Puigdemont kritisierte Rajoys Reaktion am Donnerstag. „Wir fordern Dialog und als Antwort wird der Artikel 155 auf den Tisch gelegt“, twitterte er. Diese Botschaft habe er verstanden. Puigdemonts Stellvertreter Oriol Junqueras kritisierte, Katalonien und die internationale Gemeinschaft wollten einen ernsthaften Dialog und keine Konfrontation oder neue Drohungen.

In der katalanischen Regionalhauptstadt Barcelona marschierten die Teilnehmer der Solidaritätsbekundung zu einem zentralen Platz. Manche hatten ihre Gesichter in den rot-gelben Nationalfarben angemalt, die auch die Farben der Region Katalonien sind. Immer wieder war der Ausruf „Viva España!“ (Es lebe Spanien) zu hören. Der Slogan des Marsches hieß „Katalonien ja, Spanien auch“ - damit sollte dem Wunsch nach Autonomie Kataloniens innerhalb Spaniens Nachdruck verliehen werden.

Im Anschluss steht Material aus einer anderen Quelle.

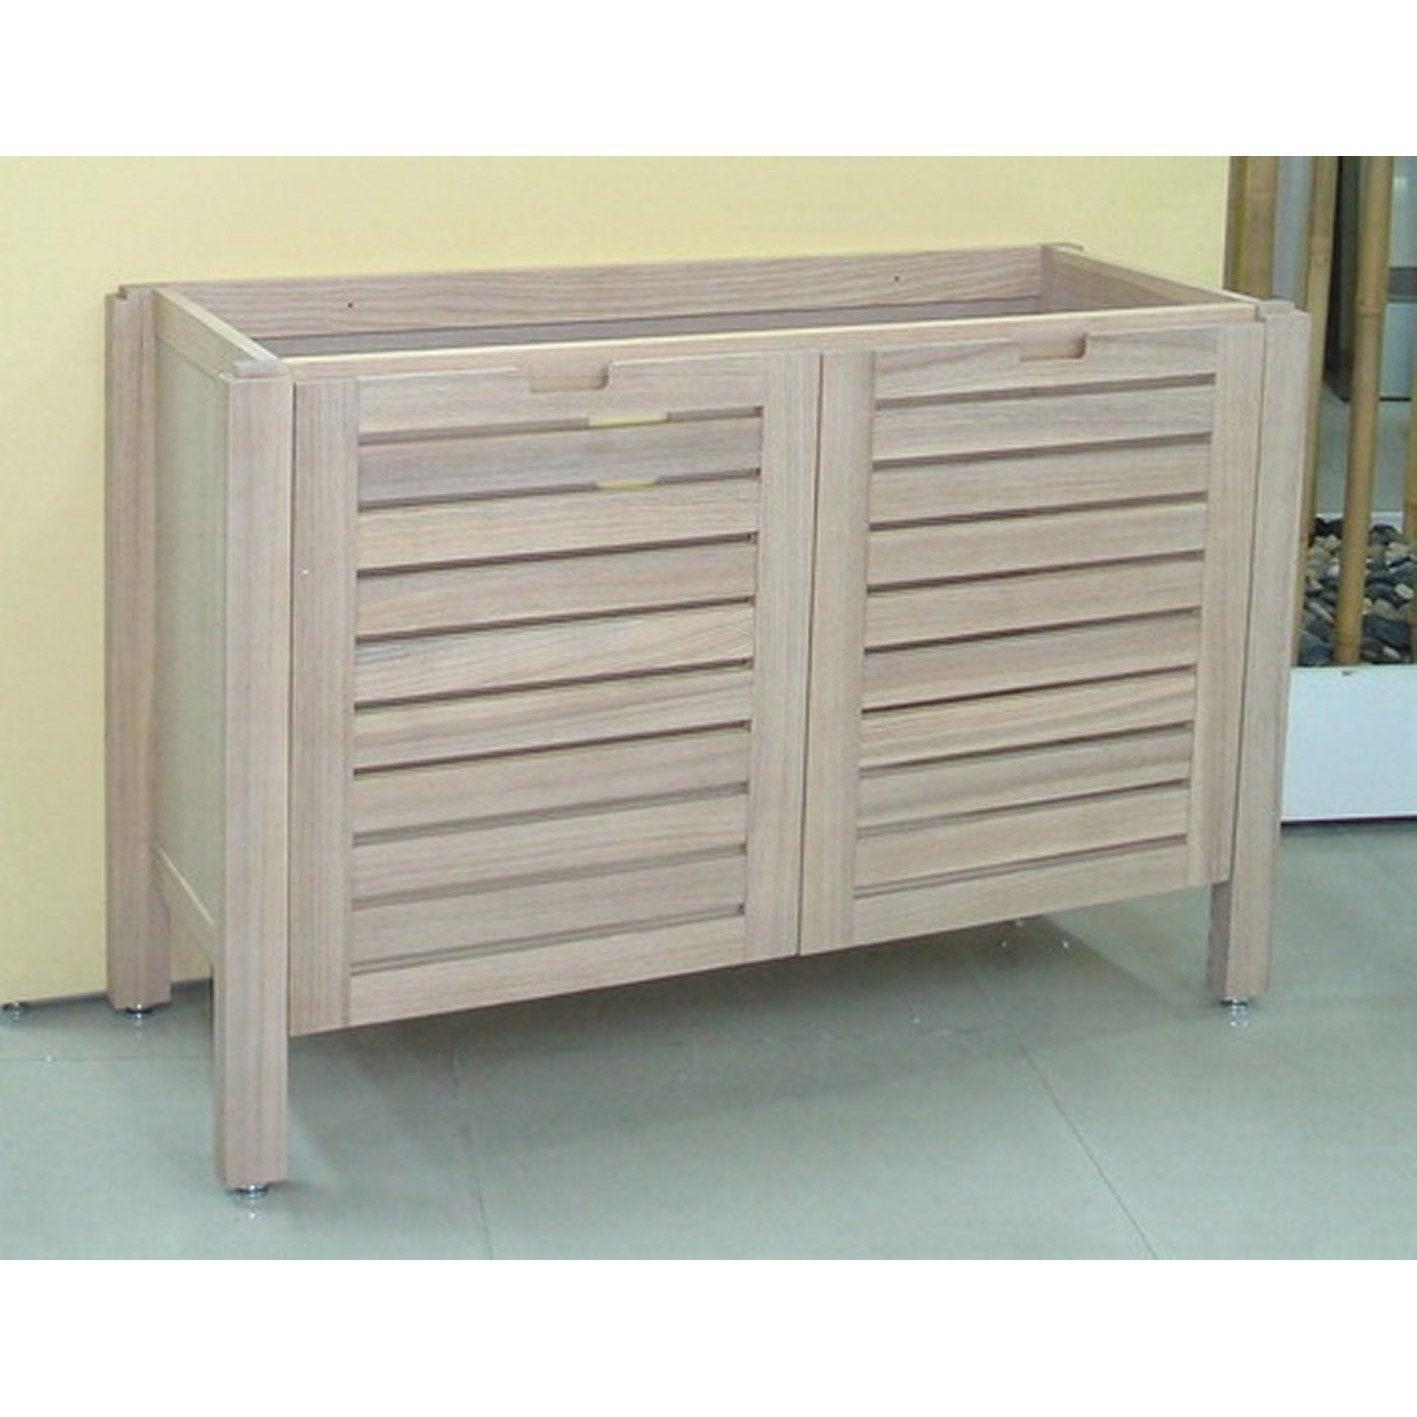 caisson meuble salle de bain perfect caisson meuble salle de bain pour idee de salle de bain. Black Bedroom Furniture Sets. Home Design Ideas

Was ließ die Unabhängigkeitsbewegung so stark aufflammen?

Der 28. Juni 2010

Damals kippte das Oberste Gericht Spaniens auf Betreiben der konservativen Volkspartei (PP) ein neues Autonomiestatut für die Region, das 2006 unter der Regierung des sozialistischen Ministerpräsidenten Zapatero vom Parlament in Madrid und von den Katalanen selbst in einer Volksbefragung gebilligt worden war. Knapp zwei Wochen später kam es zu einer Massendemonstration in Barcelona, an der mehr als eine Million Menschen teilnahmen.

Mario Rajoy

Seit Mariano Rajoy und seine PP im Dezember 2011 an die Macht kamen, gab es kaum noch Gespräche der Zentralregierung mit der Region im Nordosten des Landes. Rajoy verfügte im Parlament über eine absolute Mehrheit und musste deshalb nicht mit Zugeständnissen auf Stimmenfang in Katalonien gehen. Er konzentrierte sich vor allem darauf, die 2008 ausgebrochene massive Wirtschaftskrise seines Landes in den Griff zu bekommen. Da passte der Wunsch nach mehr finanzieller Unabhängigkeit der Katalanen nicht in sein Konzept.

Korruption

Die Menschen im wirtschaftsstarken Katalonien sind vor allem wütend über die Korruptionsskandale der Regierung und wettern, Rajoy und seine Verbündeten verfolgten noch immer die gleichen Ziele wie die Franco-Diktatur. Unter der Herrschaft Francisco Francos, der 1975 starb, waren die katalanische Sprache und Kultur teilweise brutal unterdrückt worden. Viele Bürger des traditionell eher linken und republikanischen Kataloniens, selbst solche, die gegen die Unabhängigkeit sind, lehnen die spanische Monarchie ab.

Perspektivlosigkeit

Viele Bürger auf den Straßen geben übereinstimmend an, sie müssten viel zu viel Geld an die „korrupte Regierung“ in Madrid abgeben, was die eigene Jugend in die Perspektivlosigkeit geführt habe. Sie glauben, dass ein unabhängiges Katalonien in Europa besser dastünde. Das Geld sei aber nicht der wichtigste Grund für das Streben nach Unabhängigkeit, betonen viele Katalanen.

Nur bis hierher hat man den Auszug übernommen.